Greenback closes Rs118.70 in kerb after touching Rs119


KARACHI: After Moody’s prediction of further devaluation of the Pak Rupee to Rs125 against a dollar in the current fiscal year, the Greenback started shooting up in Kerb market and closed at Rs118.70 while it remained stable at Rs 115.50 in the interbank market.

The currency dealers said that after the rumour of devaluation of rupee, people stopped selling the dollar into the market and there is a severe shortage of dollar.

“People think that the dollar will further go up as the current account deficit had crossed $14 billion,” the analyst said. The dollar had crossed Rs119 against a dollar in the open market on last Friday.

Finance minister of Pakistan Dr Miftah Ismail has repeatedly denied further devaluation of the national currency, which has been devalued twice up to 10 per cent in last four-five months.
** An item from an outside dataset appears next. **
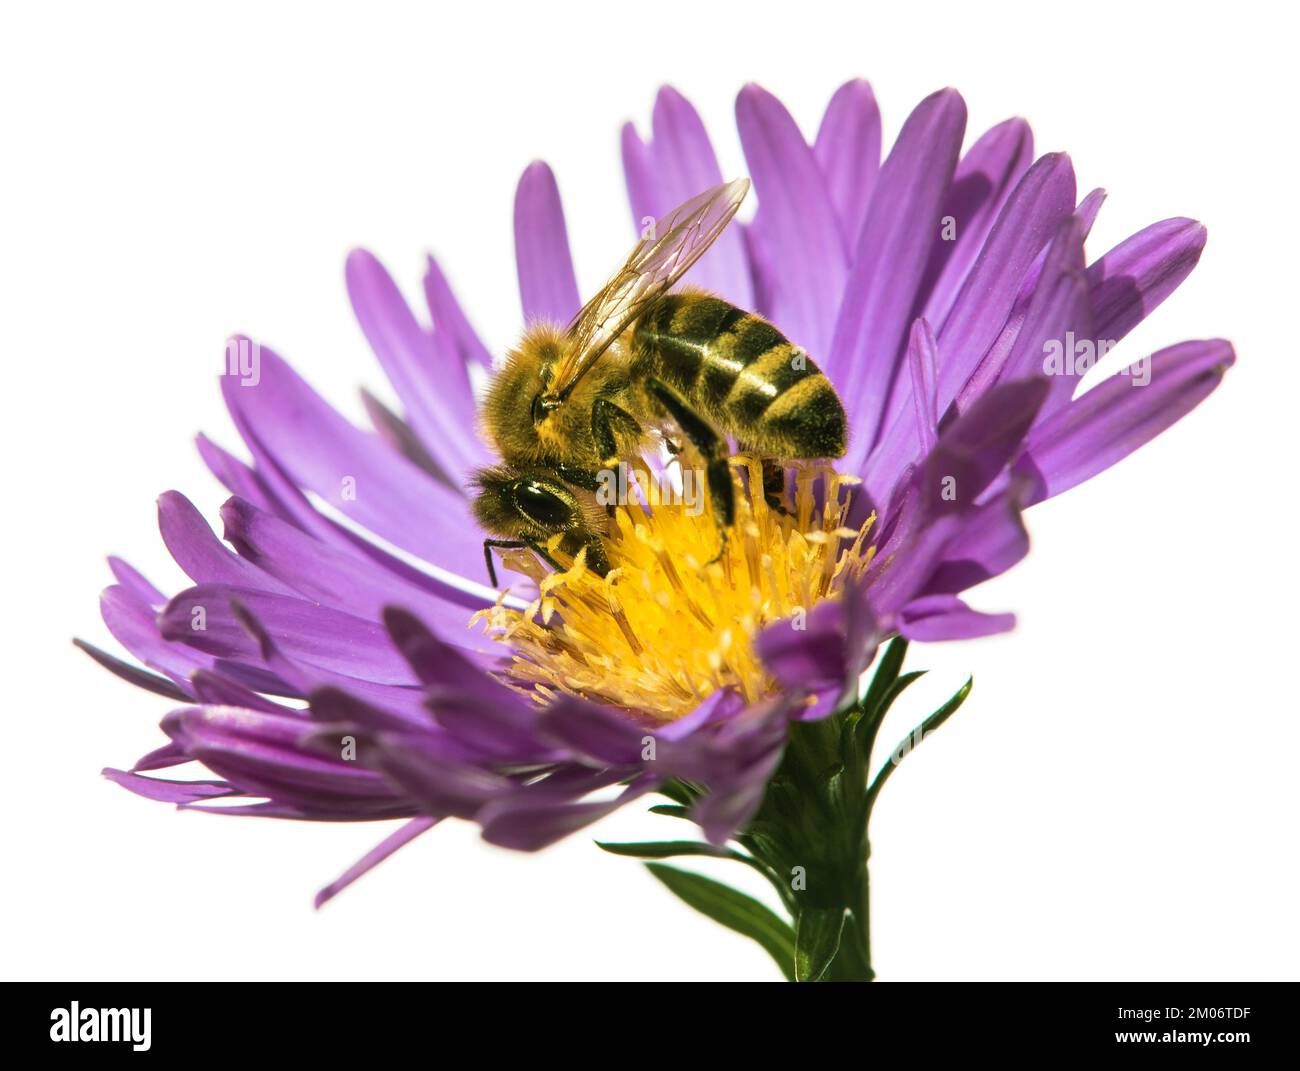 abeja o abeja melífera en latín Apis mellifera, abeja de miel europea o occidental, sobre la flor azul violeta o púrpura aislada sobre fondo blanco Foto de stock

However the analysts believe the rupee will further be devalued, and they see no way out of the current situation.

In a recent statement, Moody’s Investors Service, one of top three global credit rating agencies, has forecasted that Pakistan’s rupee could shed value by another 7.75 per cent and its worth may go as low as Rs125 to the dollar by June next year.

In its latest report, ‘Government of Pakistan – B3 stable, annual credit analysis’, Moody’s has taken a negative view of Pakistan’s external sector but remained upbeat about economic growth prospects due to the China-Pakistan Economic Corridor (CPEC).

The credit rating agency also does not see any “significant surprises” in terms of the broader direction of macroeconomic and national security policies after the 2018 general elections, indicating towards limited options available to political parties to change the landscape.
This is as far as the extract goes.